外头那个侍卫听到动静立马持剑从窗外越了进来。
顾陌离一时间不知道该说些什么,想伸手将她拉住,却被颜云卿无情地甩开。
“是啊,可能在你眼里我颜云卿就是这么一个好欺负的人吧!”
“你若是觉得这样好玩,那你就这样一直玩下去吧!”
她已经有些气急败坏了。
“颜云卿!”
顾陌离一连喊了好几声,见颜云卿并不答应,便也只能拖着虚弱的身体在其身后跟着。
“你听我说!”
可是颜云卿现下哪里能听得进去这话,快出府门时见其还在身后跟着,她却忽然停了下来,“停下。”

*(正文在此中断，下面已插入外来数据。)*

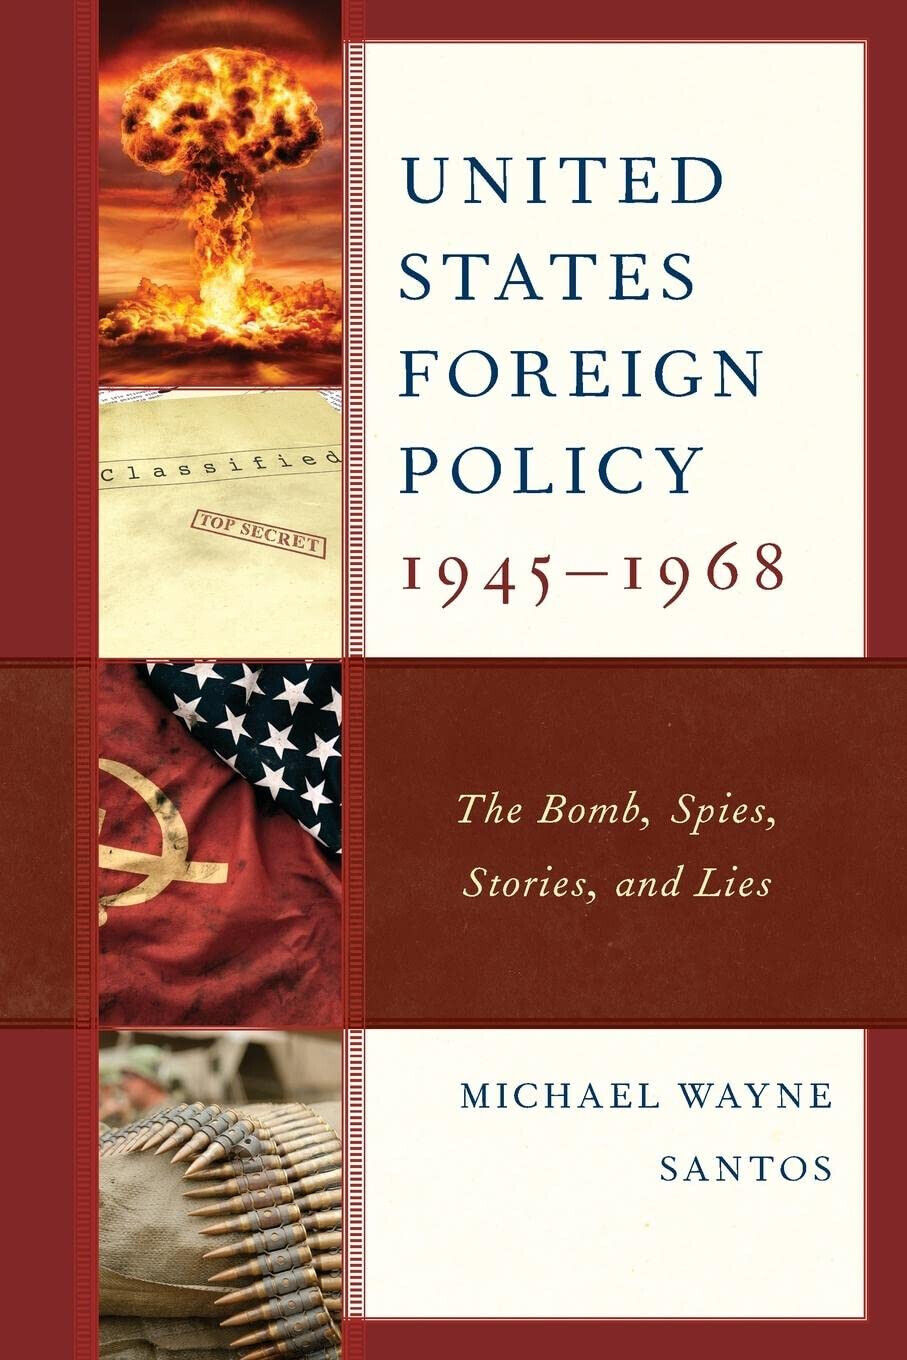 United States Foreign Policy 1945-1968 - Michael Wayne Santos - 2022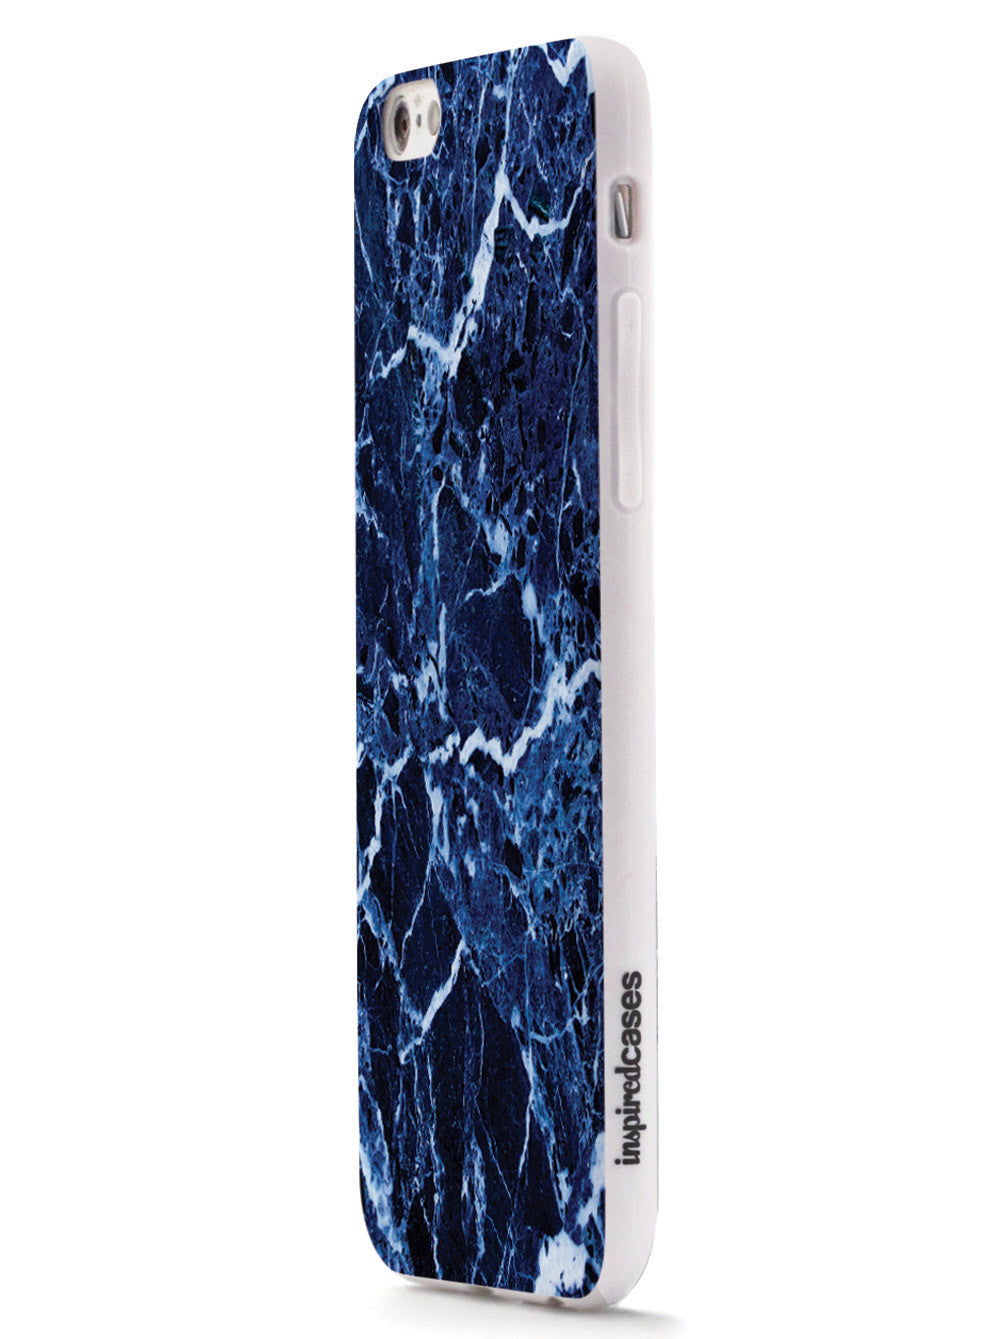 Textured Blue Marble Case

仅存的最后一丝理智告诉自己,如若他出了府门,那么他的真实身份就一定会被人识破,而他也会紧跟着陷入危险,她不能让他冒这个险。
“你听我跟你解释。”
许是因为跑得太快而牵动了伤口,故而他现下已是满头大汗,他的痛楚可以想见。
颜云卿只因心里还堵着一口气,故而没给他什么好脸色:“我现在只想一个人静静。”
说完便又冲着那青年侍卫道:“将你家主子带进去,不要让人瞧见真容。”
交代完以后,颜云卿这才肯放心离去。
在回医馆的路上,颜云卿的脑子很乱,一时半会也捋不顺。但她唯一能够确定的是,眼下恐怕那龙霄国也不得安生。
这厢回到医馆,便被贺景州追问情况,颜云卿含糊其辞,试图遮掩过去。
好在贺景州也没深问,只道:“下午我随你一起回宫吧,也替太子妃诊诊脉。”
颜云卿轻轻“嗯”了一声,见贺景州望着自己、一幅欲言又止的模样,她只得主动说道:“燕云和皇嫂这事,我觉得和古离没有关系。”
“何以见得?”贺景州发问。
“我觉得他没有动机……”颜云卿轻描淡写、一笔带过,察觉到贺景州微微发怔,她便又接着说,“你放心,我会找出证据。”
“你想如何便如何吧。”
贺景州凝视了她一眼,眼里有着数不清道不明的情愫,可这些压根就没被颜云卿放在眼里过,所以他恨,同时也更加怀疑起古离的真实身份来。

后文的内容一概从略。